Our Take
This is a vendor-published resource guide masquerading as industry analysis; no independent data supports the 'defining advantage' claim, and the piece offers no benchmarks, timelines, or failure case studies.
Why it matters
Sponsors running multi-site trials spend millions on lab infrastructure and data integrity. A poor central lab choice cascades into protocol delays and failed recruitment, but the market lacks transparent comparison frameworks.
Do this week
Trial sponsors: Audit your current central lab contract for turnaround time SLAs and sample rejection rates before the next protocol amendment window closes in Q3.
Central Labs Anchor Modern Trial Operations
Fierce Biotech has published a resource guide positioning central laboratories as essential infrastructure for clinical trials. The framing argues that as trials grow more complex—involving more sites, longer duration, and tighter regulatory oversight—centralized lab services have moved from operational convenience to strategic differentiator.
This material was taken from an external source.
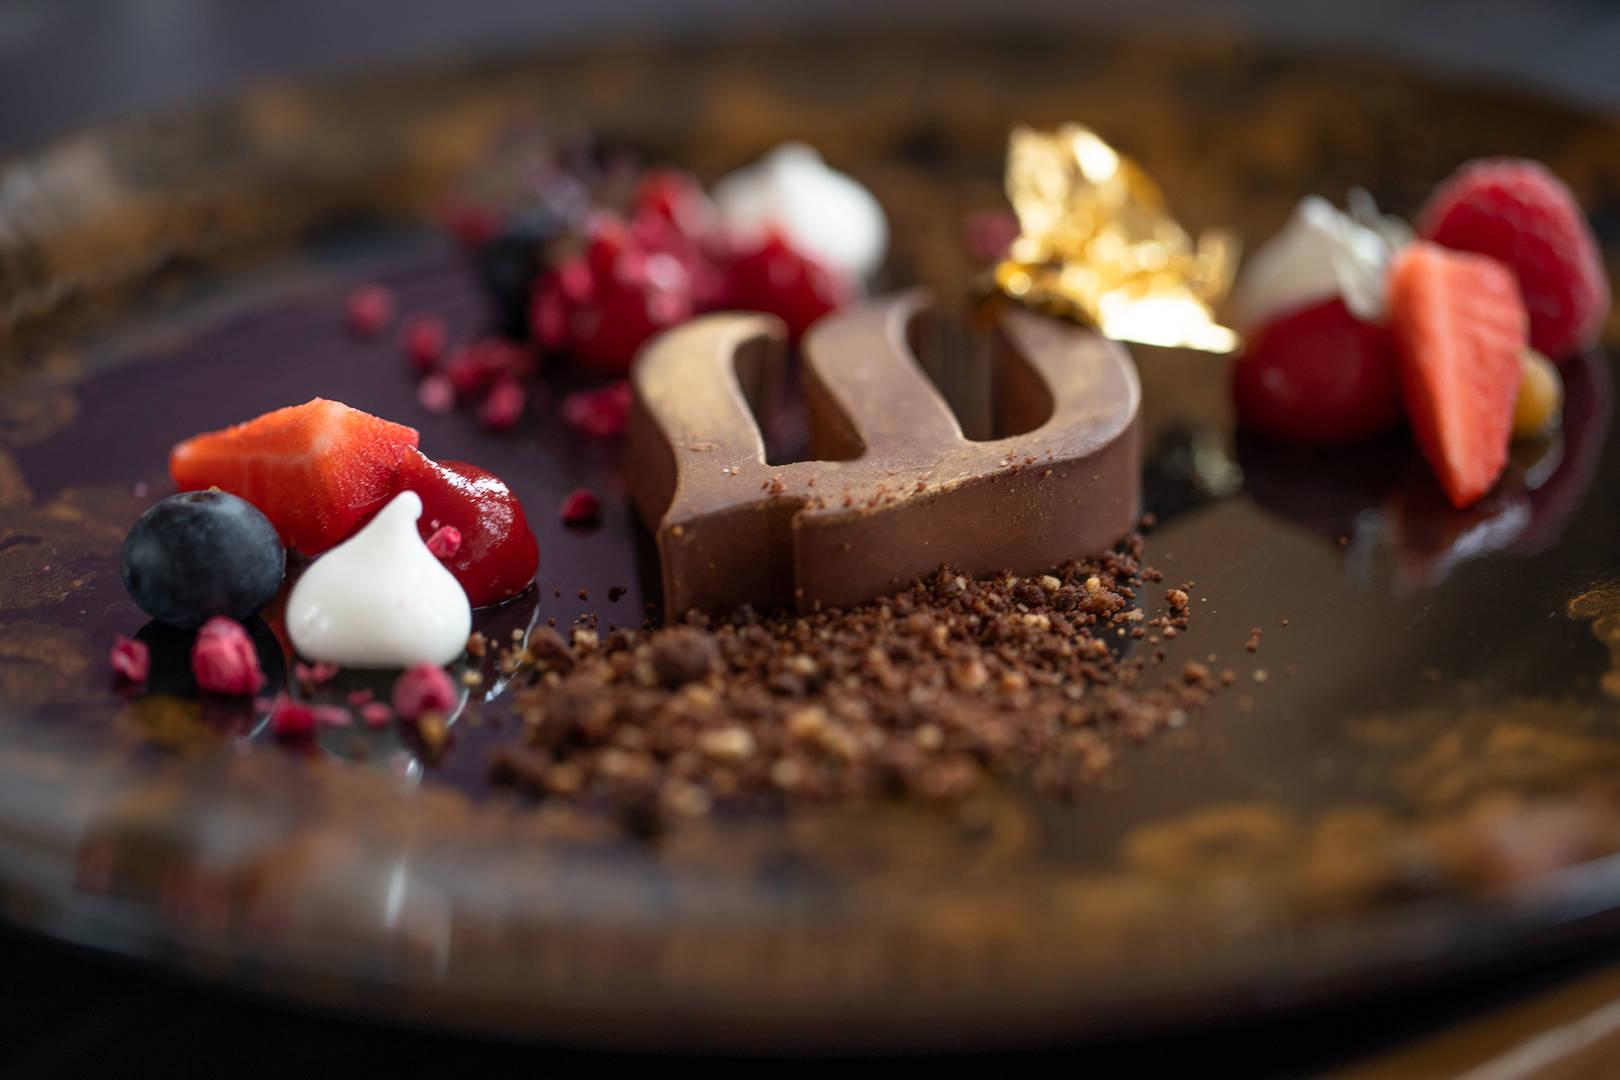 https://cdn.jumeirah.com/-/mediadh/DH/Hospitality/Jumeirah/Restaurants/Frankfurt/Frankfurt-Max-On-One-Grill-Room/Restaurant-Gallery/Jumeirah-Frankfurt-Max-on-One-Grillroom-Beacon-Dessert_6-4.jpg?h=1080&w=1620&hash=C4B116DF40C9C2926DA913A1BB1EC9CD

The piece cites three broad categories: scientific factors (assay standardization, data quality), operational factors (throughput and turnaround), and logistical factors (sample handling, chain of custody). No independent benchmarks are provided.
The Sponsor's Real Problem Isn't Lab Capability—It's Visibility
Central labs do standardize assay methodology across sites, reduce inter-lab variance, and simplify regulatory reporting. That is baseline table stakes, not a differentiator. What actually separates a functional partnership from a costly drag is turnaround time, sample rejection rates, and responsiveness to protocol amendments mid-trial. None of those metrics appear in this guide.
Sponsors routinely cite lab delays as a top three reason for trial timeline slippage, yet most evaluate labs on compliance pedigree and brand reputation rather than operational KPIs. A vendor-published resource that avoids naming benchmarks (sample-to-result SLAs, rejection rates by assay type, amendment response time) is not helping sponsors make that distinction.
How to Actually Evaluate a Central Lab Partnership
Ask for: historical turnaround times (p50 and p95, not average), rejection rates and root causes by assay, documented response time to protocol amendments, and customer references from trials closed in the last 18 months. Demand audited data, not reference panels.
Insist on pilot feasibility studies with your actual protocol and sample volumes before contract signature. Performance drift is real; a lab's historical speed means nothing if your trial's assay mix or sample volume exceeds their proven capacity.
Lock turnaround SLAs into the contract with penalty clauses tied to key milestones (enrollment hold-ups, interim analysis delays). Most lab contracts are cost-plus with soft timelines; that transfers all scheduling risk to the sponsor.
Finally, do not confuse accreditation with operational excellence. CAP or ISO certification confirms they won't corrupt samples; it does not confirm they will report results in 48 hours or handle 2,000 samples per week without backlog.